Any help would be greatly appreciated.
# split the data (target variable in house_sales_df is "price")
split <- initial_split(house_sales_df, prop = 0.8)
train <- split %>% training()
test <- split %>% testing()
# create and fit workflow
lasso_prep_recipe <-
recipe(price ~ ., data = train) %>%
step_zv(all_predictors()) %>%
step_normalize(all_numeric())
lasso_model <-
linear_reg(penalty = 0.1, mixture = 1) %>%
set_engine("glmnet")
lasso_workflow <- workflow() %>%
add_recipe(lasso_prep_recipe) %>%
add_model(lasso_model)
lasso_fit <- lasso_workflow %>%
fit(data = train)
# predict test set
predict(lasso_fit, new_data = test)
predict()
results in this error:
Error in `step_normalize()`:
! The following required column is missing from `new_data` in step 'normalize_MXQEf': price.
Backtrace:
1. stats::predict(lasso_fit, new_data = test, type = "numeric")
2. workflows:::predict.workflow(lasso_fit, new_data = test, type = "numeric")
3. workflows:::forge_predictors(new_data, workflow)
5. hardhat:::forge.data.frame(new_data, blueprint = mold$blueprint)
7. hardhat:::run_forge.default_recipe_blueprint(...)
8. hardhat:::forge_recipe_default_process(...)
10. recipes:::bake.recipe(object = rec, new_data = new_data)
12. recipes:::bake.step_normalize(step, new_data = new_data)
13. recipes::check_new_data(names(object$means), object, new_data)
14. cli::cli_abort(...)
You are getting the error because all_numeric()
in step_normalize()
selects the outcome price
which isn't avaliable at predict time.
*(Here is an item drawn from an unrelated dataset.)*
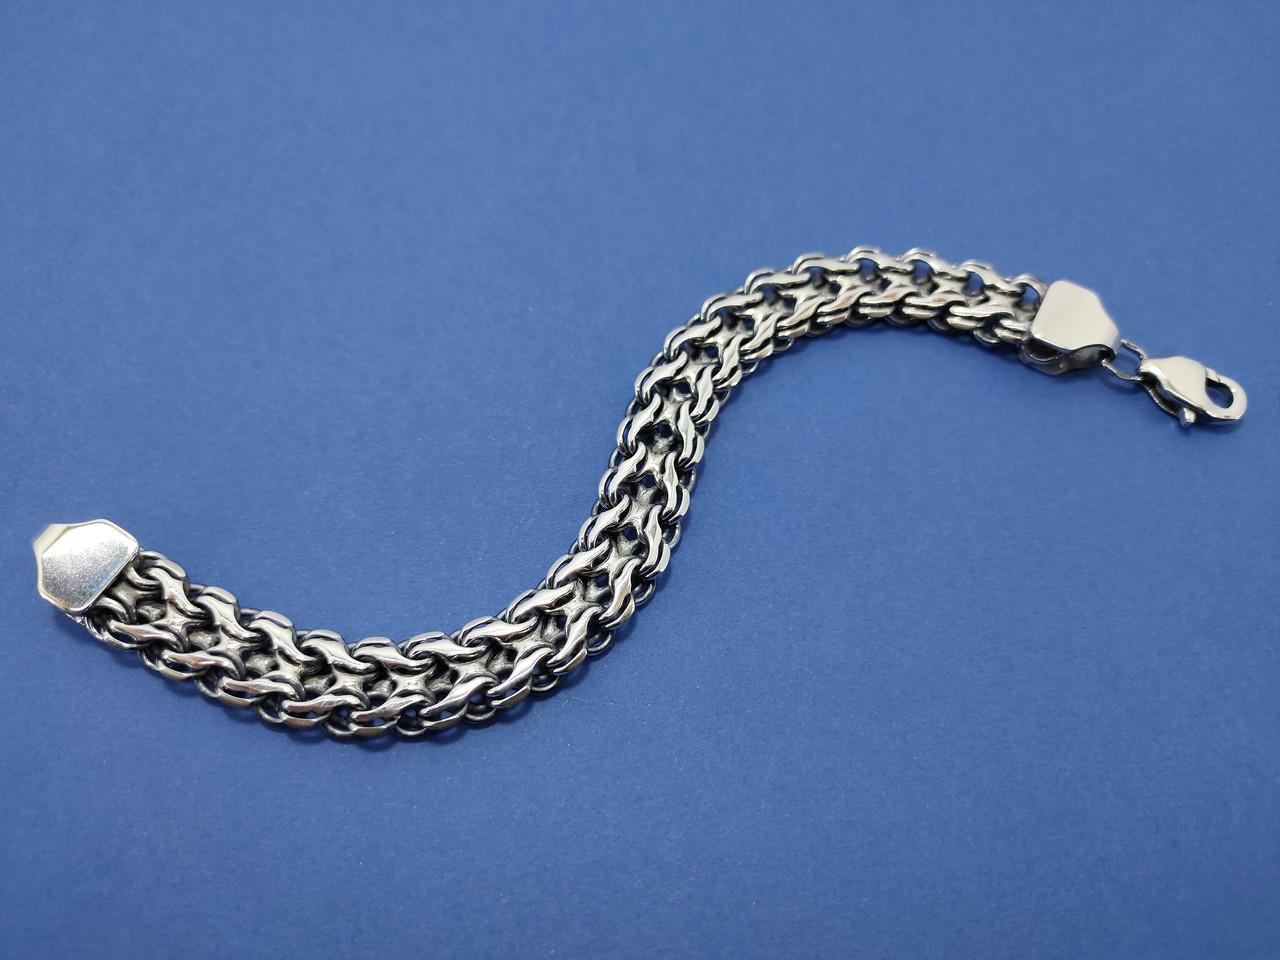 Серебряный браслет двойной ручеек, коробочка, 20 см., 49 гр.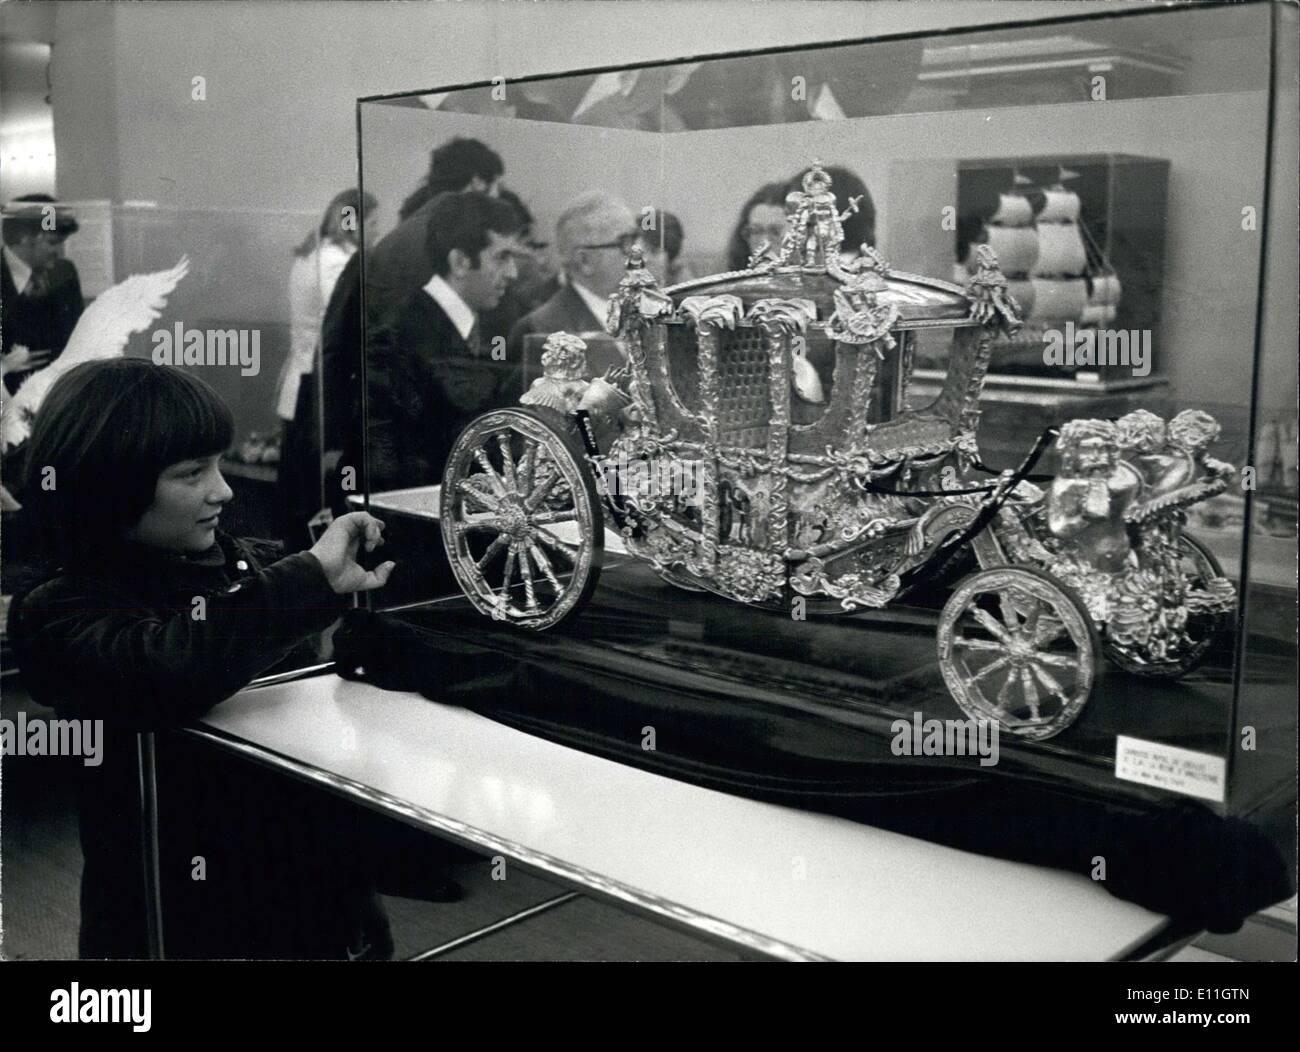 Febbraio 08, 1978 - Museo delle Arti decorative di Parigi,modello royal coach sul display Immagini Stock

Use all_numeric_predictors()
and you should be good
# split the data (target variable in house_sales_df is "price")
split <- initial_split(house_sales_df, prop = 0.8)
train <- split %>% training()
test <- split %>% testing()
# create and fit workflow
lasso_prep_recipe <-
recipe(price ~ ., data = train) %>%
step_zv(all_predictors()) %>%
step_normalize(all_numeric_predictors())
lasso_model <-
linear_reg(penalty = 0.1, mixture = 1) %>%
set_engine("glmnet")
lasso_workflow <- workflow() %>%
add_recipe(lasso_prep_recipe) %>%
add_model(lasso_model)
lasso_fit <- lasso_workflow %>%
fit(data = train)
# predict test set
predict(lasso_fit, new_data = test)